# Dipping Frames?



## Honey-4-All (Dec 19, 2008)

*Was wondering if any of you dip any of your new wood frames just like you do your boxes?*

Building new deep frames. Since it generally takes a long time for the bees to walk all over the equipment to the point where the wood is "sealed" from all the wax and propolis floating around their house we have been considering taking the newly built frames and "dipping" them (Paraffin, Beeswax, Microcrystalline wax, rosin solution) just like people do with their new boxes. Hoping to increase their lifespan. Once out we will toss in plastic foundation. 

Any recommendations as the wisdom of this? Any help on the wax formulations would also be appreciated.


----------



## Steven Tervort (Feb 16, 2012)

It really doesn't take long before the frames are covered in propolis and beeswax so I would never do it. If you and up doing this I would be curious to hear about your results. Though I can't imagine the frames doing any better or worse than non-treated frames. Frames last a long time. Just seems like extra work.


----------



## HONEYDEW (Mar 9, 2007)

Dipping hive bodies is to increase the life span due to exposure to the elements only... the frames aren't exposed so unless you have money and time to waste probably would stay away from this idea....


----------



## Honey-4-All (Dec 19, 2008)

Honeydew... To say that frames are not exposed to the elements is inaccurate?
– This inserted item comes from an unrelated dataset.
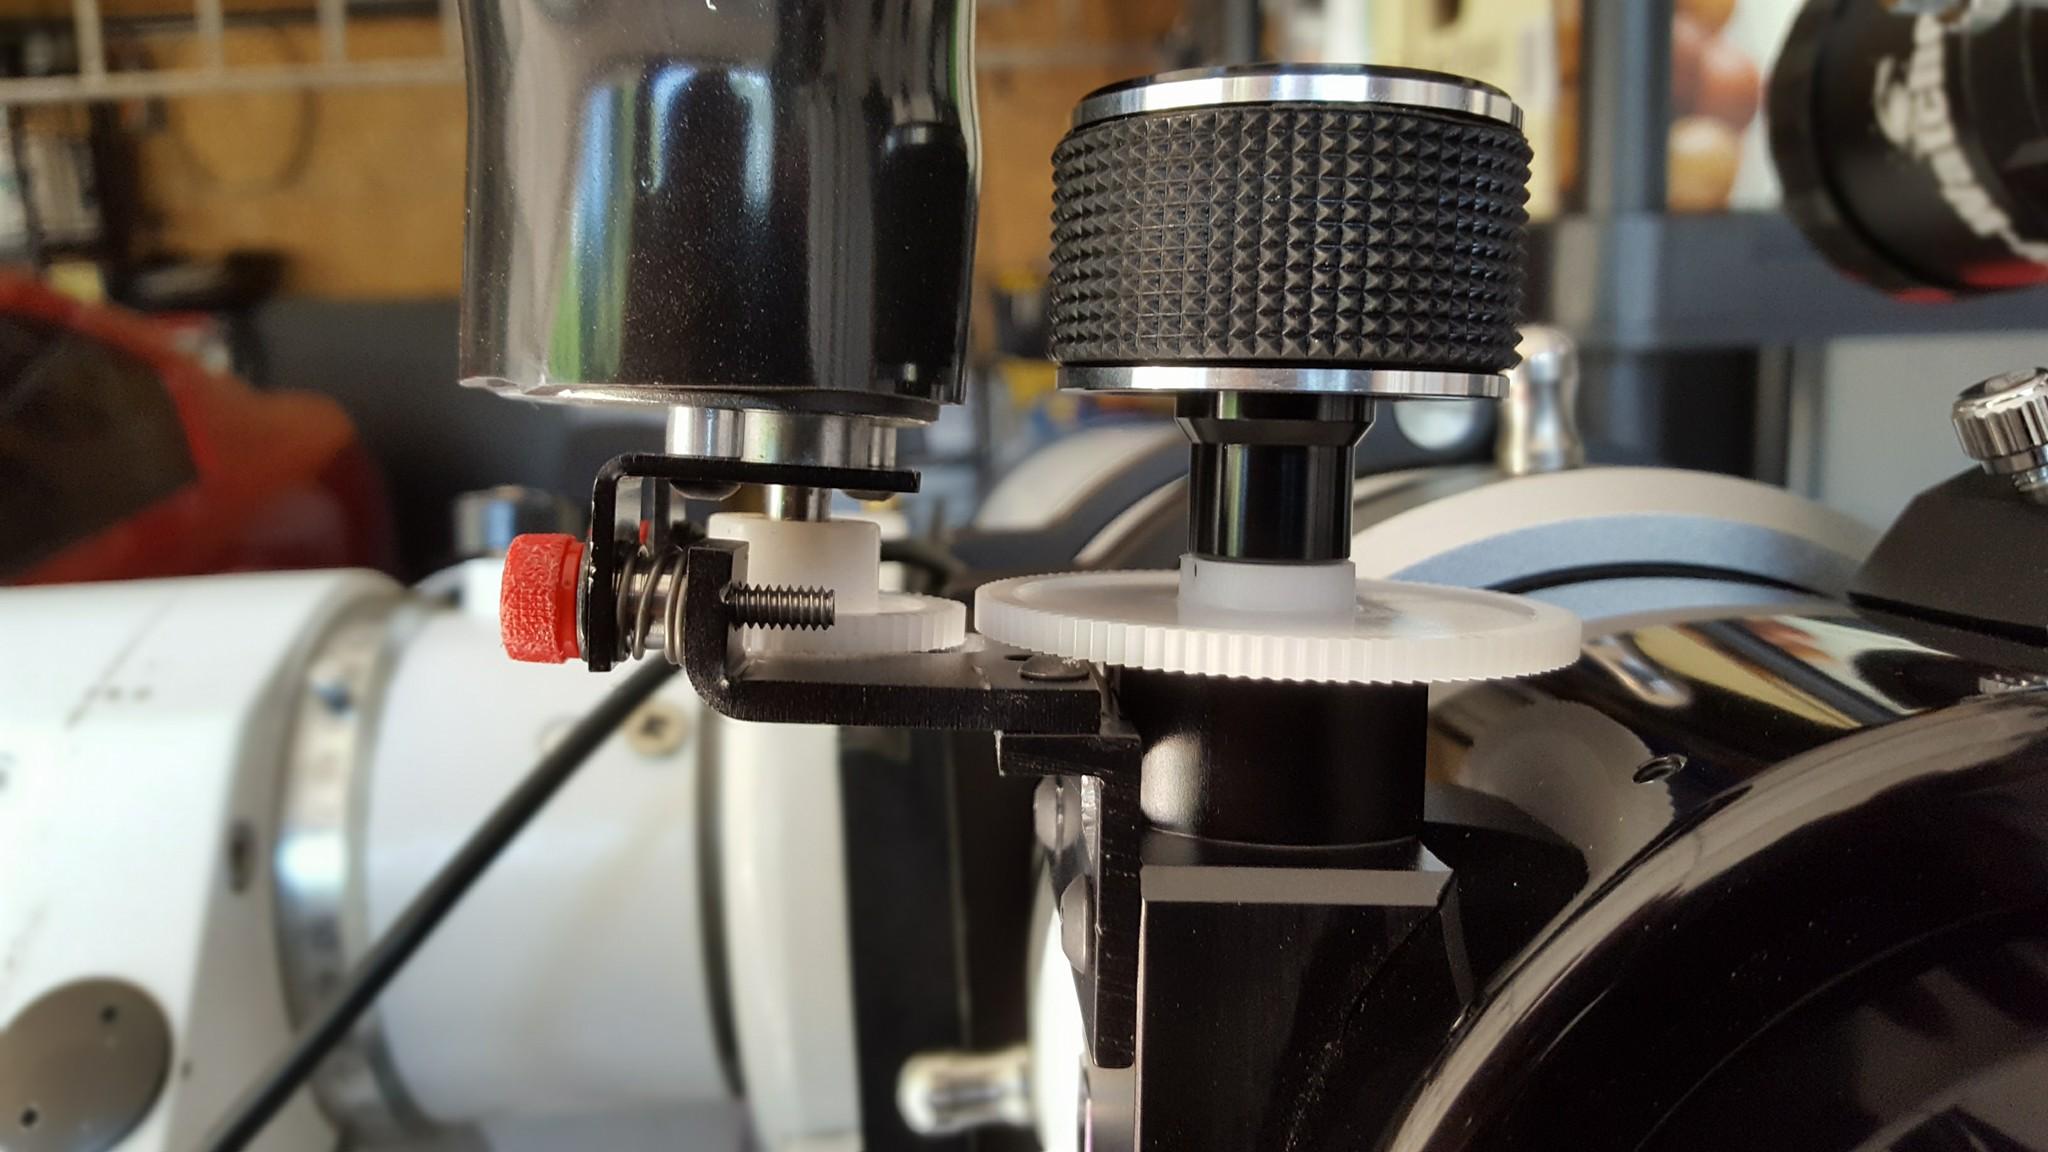 New hardware arrives for Rigel motorized focusing of Esprit 100

New frames in a wet environment are like sponges. Until they are "waxed" over they are subject to dew, mist, condensation and the occasionally blown off lid. Looking to extend their lives.....


----------



## Markt (Feb 8, 2012)

Don't think I've ever lost a frame to rot... Have you?


----------



## Ian (Jan 16, 2003)

probably would work,
cost some money to do, 

consider one thing that might be annoying 
when you take the frames out, and the dipping solution cools into the wood, you going to have pools of wax in your insert grooves,
so when you try inserting your plastic, you will have to scrape out your grooves to make a good fit.

Personally I think by having the frame within a honeybee nest it will get treated anyway, with wax and propolis. No better treatment than that!


----------